Je résume les aventures des derniers James Bond lancés à nos trousses : en sortant de la pasta, deux keufs de Bitlis nous ont suivis jusqu’à l’hôtel où nous avons repris nos bagages. Roxane leur a rendu le cable de dérivation qu’ils avaient fixé à notre téléphone (air piteux). A la station de dolmush un flic a ostensiblement demandé au chauffeur de l’avertir que nous allions bien à Tatvan. Le chauffeur, un Kurde, n’a pas fait de zèle. A Tatvan, il nous a demandé si nous allions bien à Ahlat, et nous a indiqué un groupe de dolmush sans vérifier dans lequel nous montions. De toutes façons, nous allions VRAIMENT à Ahlat (Chef, c’est louche…).

 

Ahlat Ancienne capitale mongole, où l’on battait monnaie pour tout l’empire d’Iran. La moitié de la vieille ville a disparu sous le lac. Beaucoup de tombeaux mongols et postérieurs, très iraniens. Les Kurdes parlent kurde. Il y a beaucoup de têtes rondes et de yeux très bleus. Le chauffeur passe des cassettes kurdes, dont une chanson sur Mercan. Mon keffieh a été là aussi très favorablement accueillie par de jeunes patriotes.

Ahlat est une ville tres verte, avec une chaleur modérée des plus agréables.

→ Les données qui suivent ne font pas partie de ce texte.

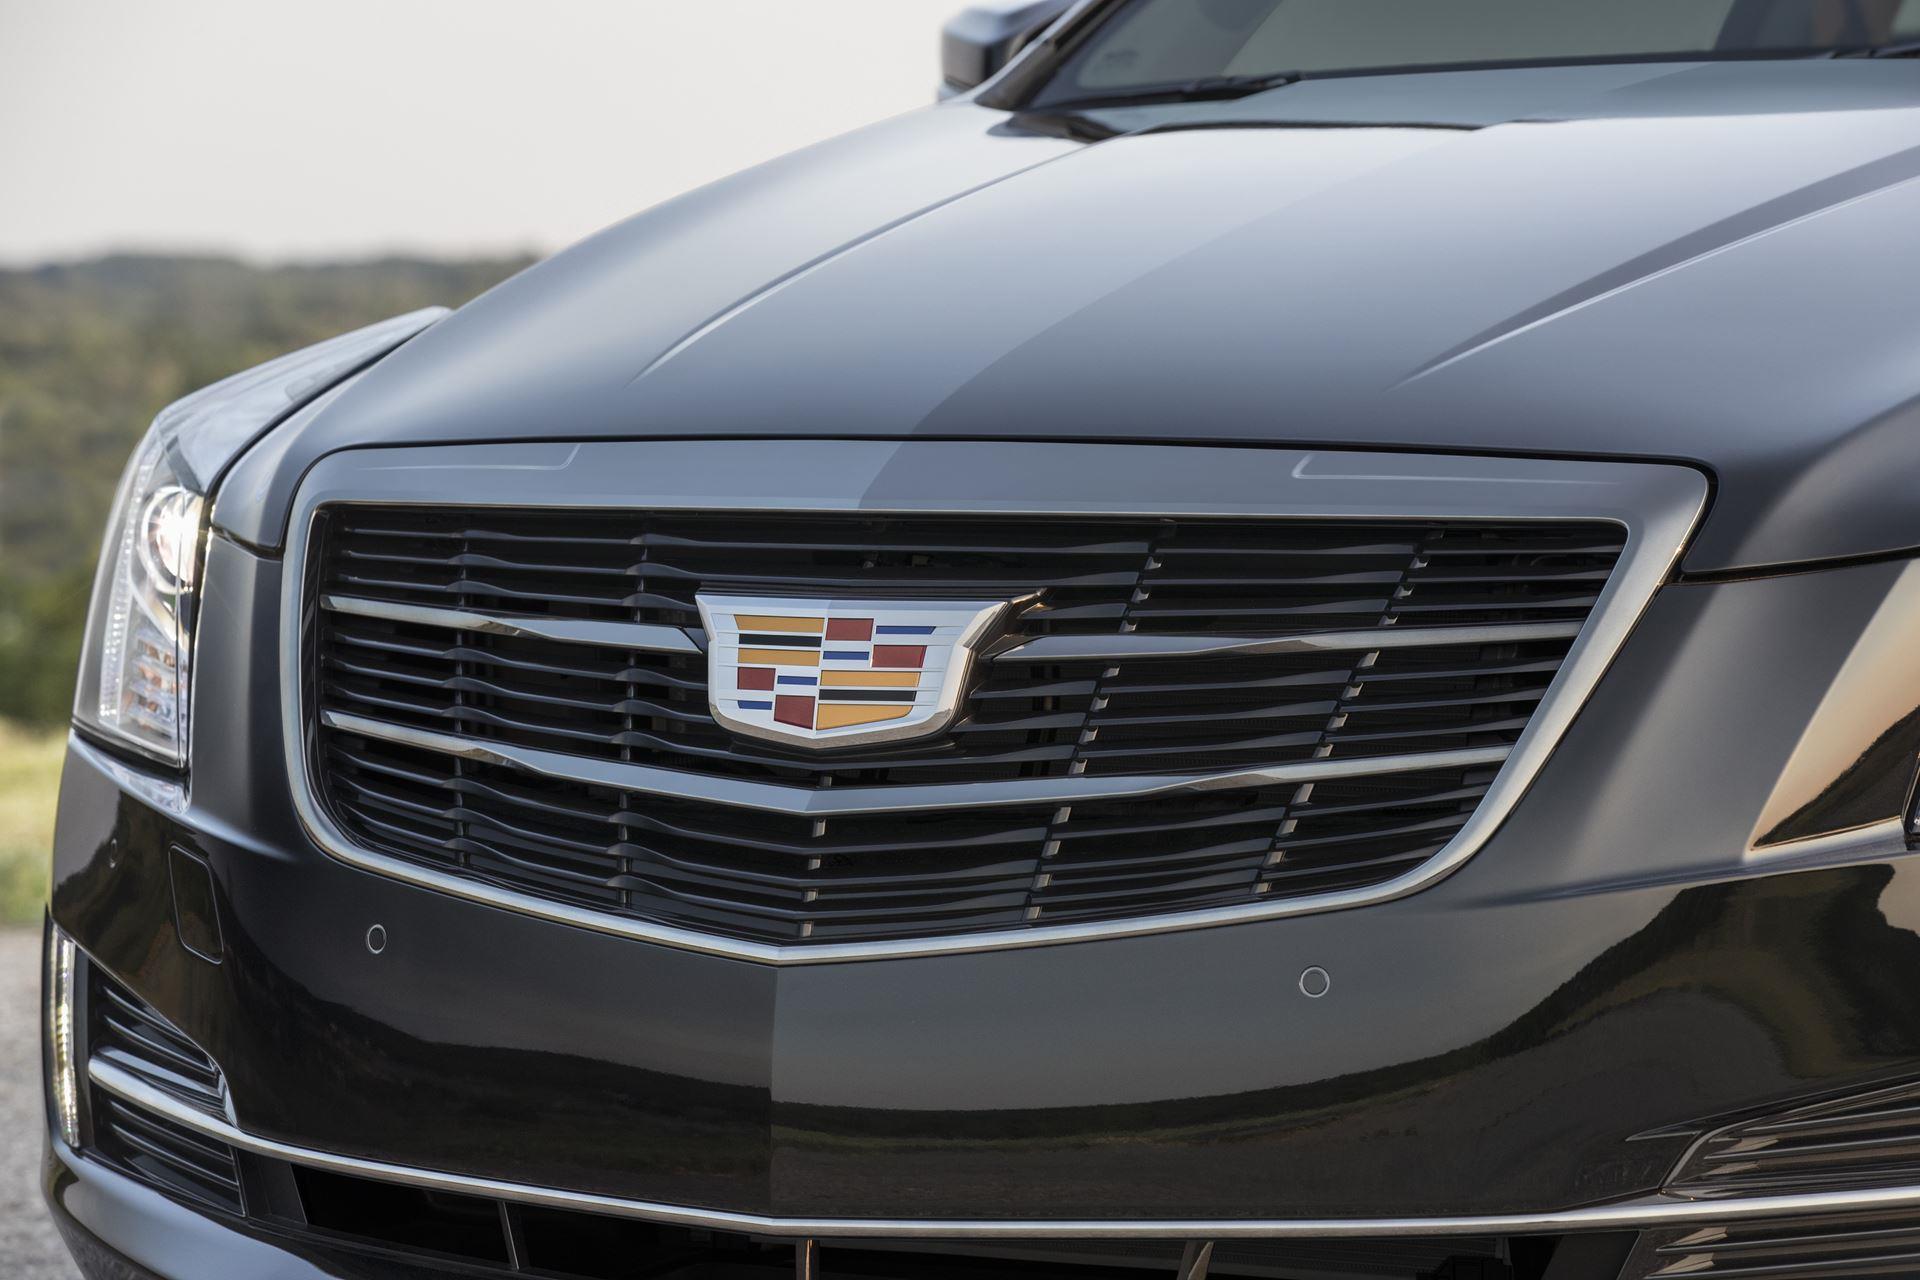 2018 Cadillac Ats News And Information Conceptcarz Com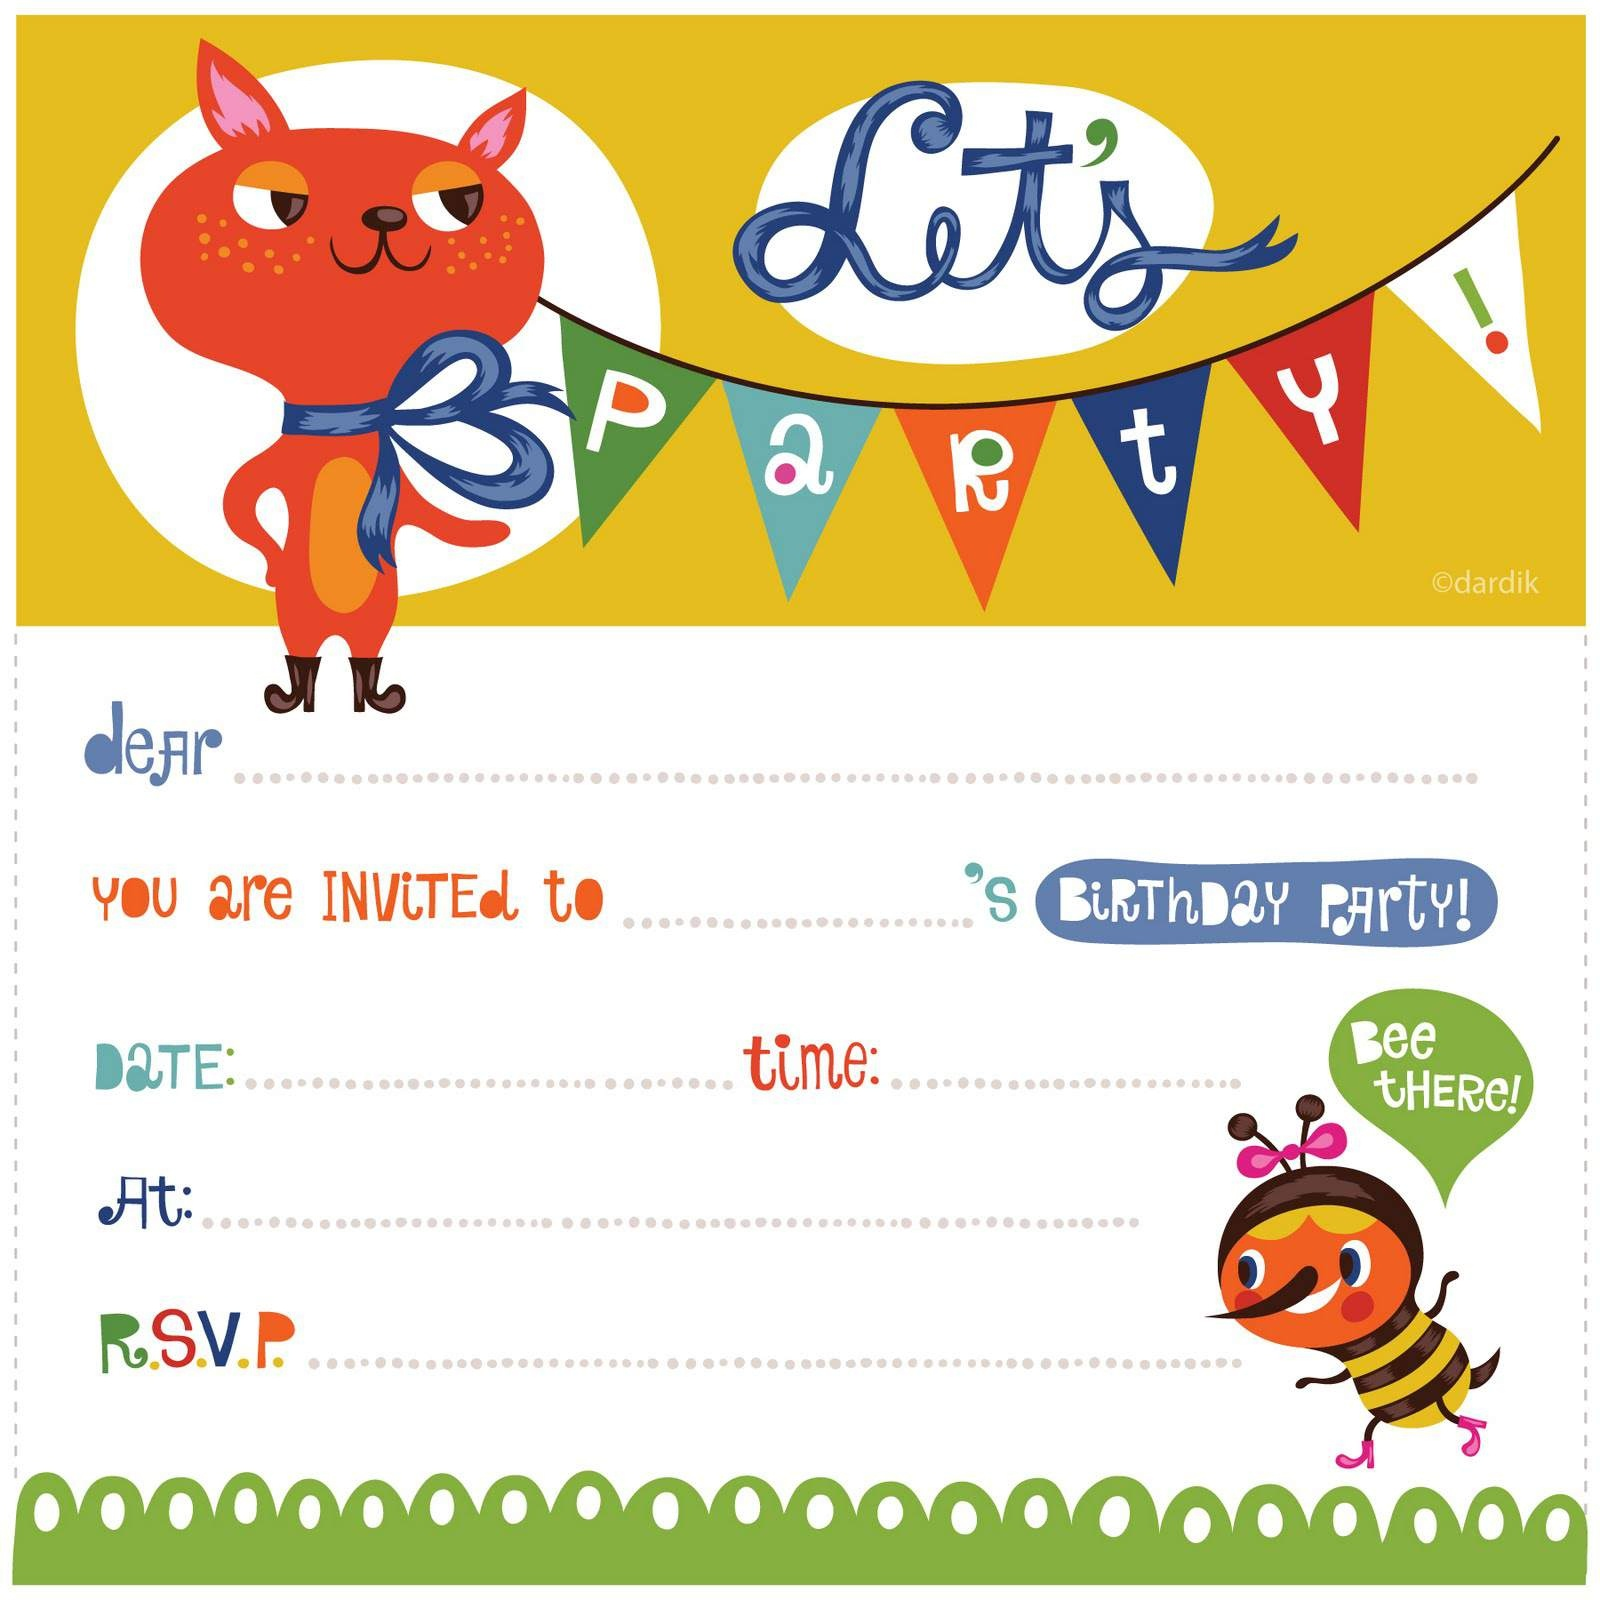 Make Printable Birthday Invitations - Demir.iso-Consulting.co - Make Printable Party Invitations Online Free

Tout ici est habité par le lac, comme une mer habite un pays. Un bleu incroyable, comme celui des mers boréales. Mais quand il pleut, des eaux noires, sombres. Bref ce lac donne selon le temps sa couleur à tout le paysage. Le jardin de l’hôtel a des roses anciennes, très belles, hélas sans parfum. Et les tombeaux qui fleurissent en pleine nature, simples au milieu des vergers. Il y a aussi ce bruit de ressac incessant que l’on entend de la chambre parce que le balcon donne sur le lac. Son arche de pierre rouge lui donne l’allure d’une porte de Mycènes, ce pourrait être la Méditerranée derriere, mais avec un étrange paysage de hautes montagnes. Beaucoup de grillons. Je ne me sens pas au Kurdistan ici mais si c’est cela l’Arménie j’y resterais bien toujours. Parfois un vent fou, un orage qui tourne au-dessus du lac et éclaire le soir et la nuit.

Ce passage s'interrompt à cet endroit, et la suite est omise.